Presentation Synopsis
Keynote Lecture: Healthcare Engineering: AI-Based Neural Biomarkers for Acute and Chronic Pain
Healthcare engineering is a rapidly evolving discipline at the intersection of engineering and healthcare and medicine. It aims to address critical and unmet needs in healthcare by fostering technological innovation to enhance patient outcomes, improve the efficiency and accessibility of care, and ultimately elevate quality of life. This field spans a broad spectrum—from the development of intelligent medical devices and novel therapeutics for the treatment of cancer, addiction, neurological diseases and pain.

This presentation highlights recent advances in healthcare engineering at the intersection of data science, neurotechnology and pain research. Specifically, we explore how artificial intelligence (AI) and implantable microimaging devices can be used to detect and characterize pain in a quantifiable, objective manner.

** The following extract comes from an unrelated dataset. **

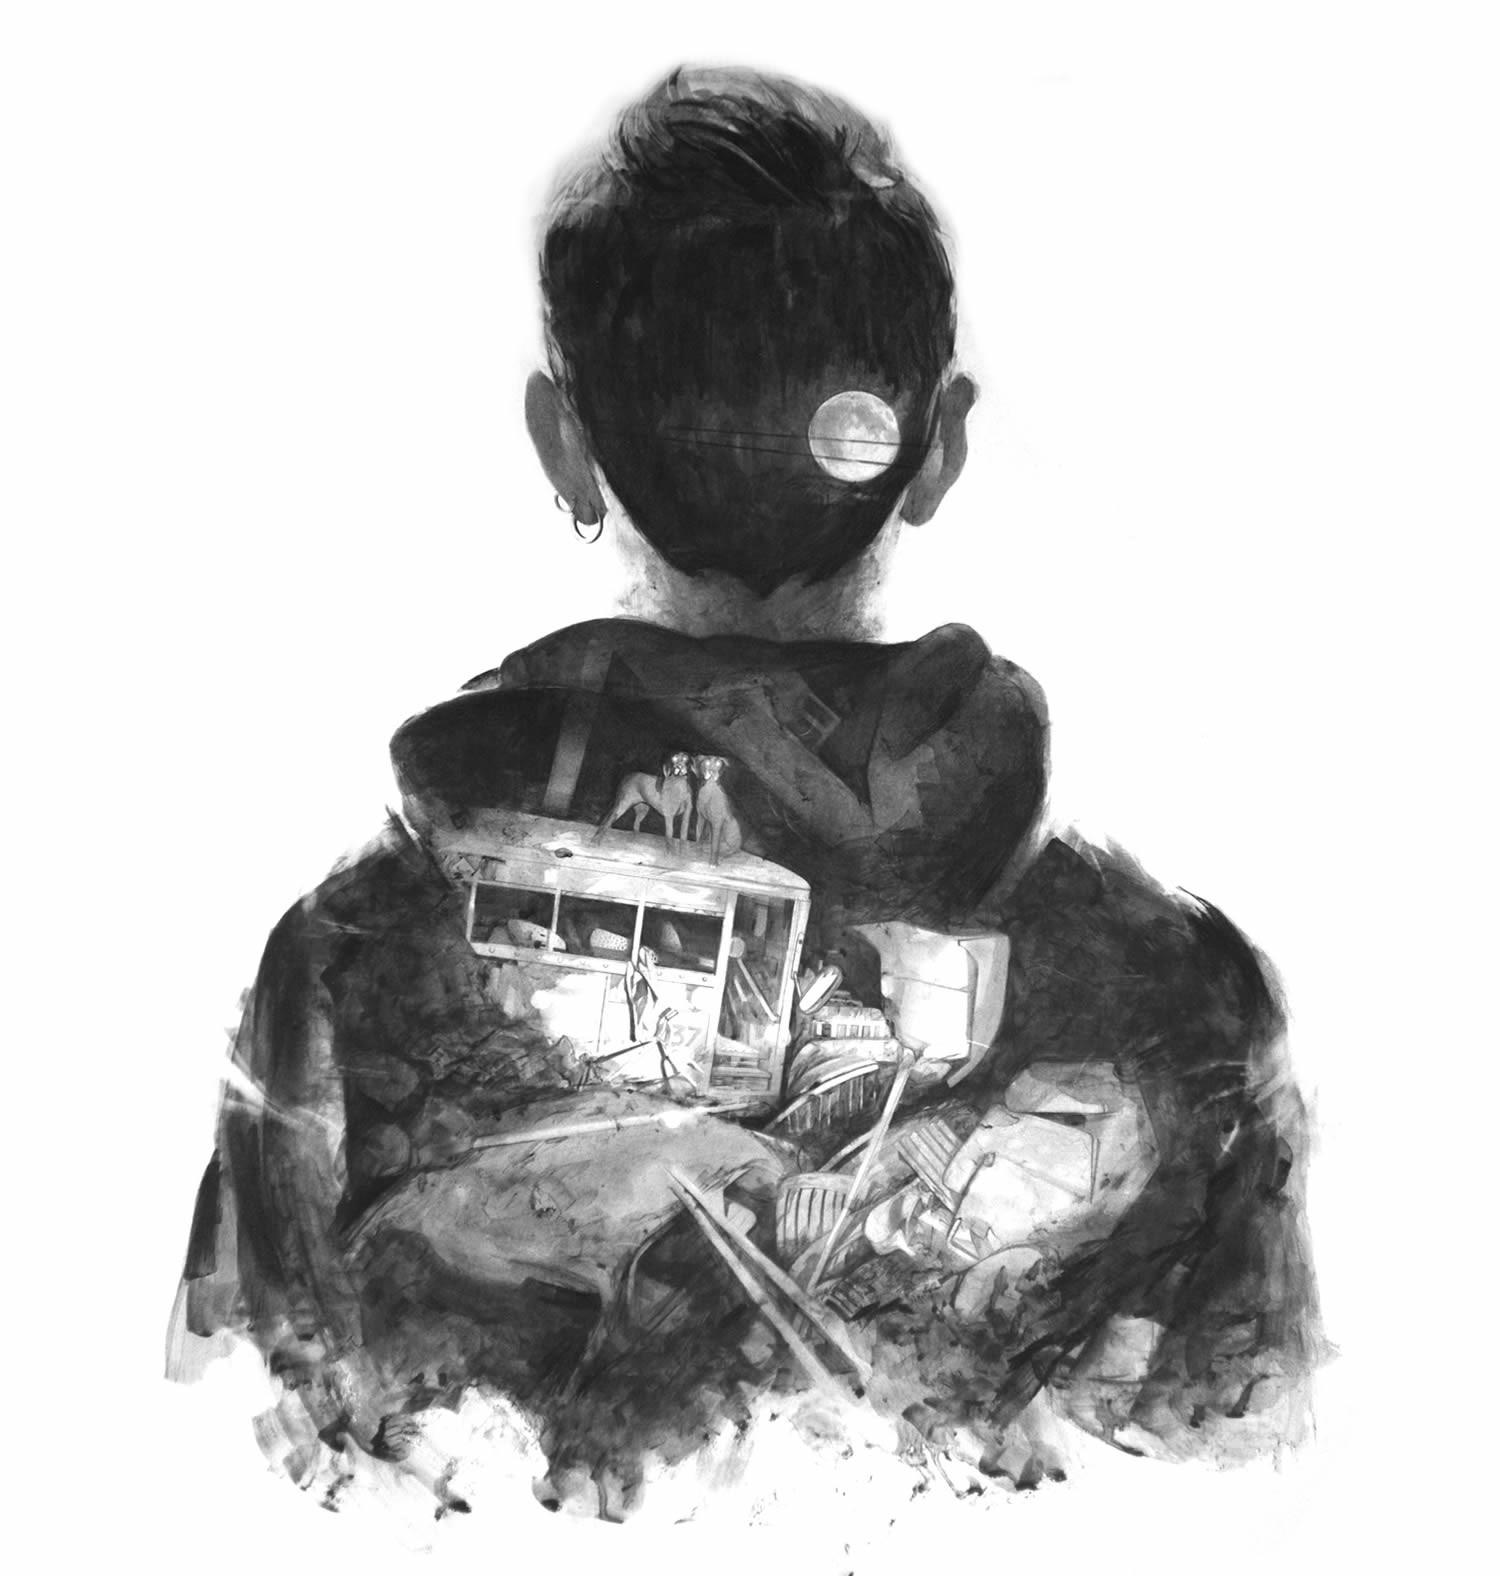 Thomas Cian 人像插画欣赏
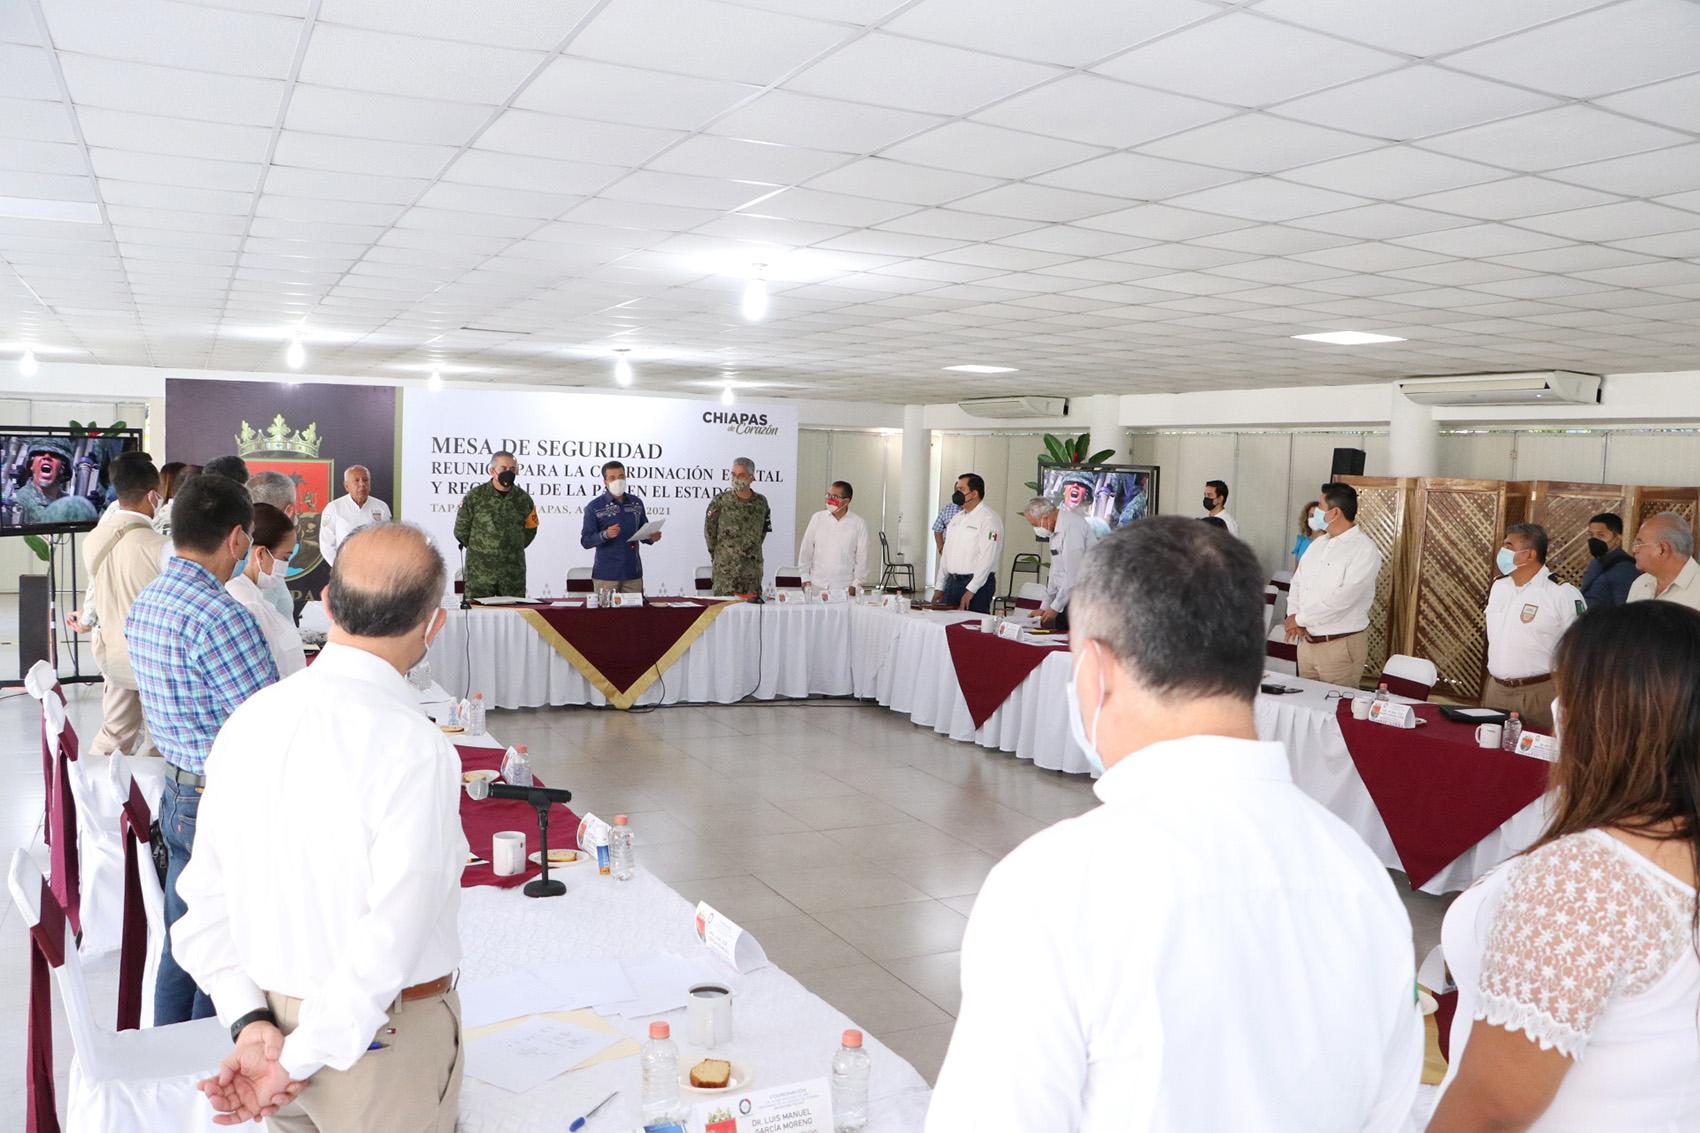 En Chiapas, el tema migratorio se atiende de manera humanitaria y solidaria.jpg

Chronic pain affects world population, yet current clinical assessments largely rely on subjective self-reporting, which can be unreliable and inconsistent.

To address this gap, we present an AI-driven approach for identifying and isolating localized pain signals in the brain during both acute and chronic phases. Central to this work is our development of a novel implantable microimaging system, enabling real-time monitoring of neural activation within key brain subregions involved in pain processing. By applying Matching Pursuit decomposition to Local Field Potential (LFP) recordings from the Anterior Cingulate Cortex (ACC), Nucleus Accumbens (NAc), and Prelimbic Cortex (PrL), we extract latent signal components that reflect pain-induced changes in high- and low-frequency oscillatory dynamics.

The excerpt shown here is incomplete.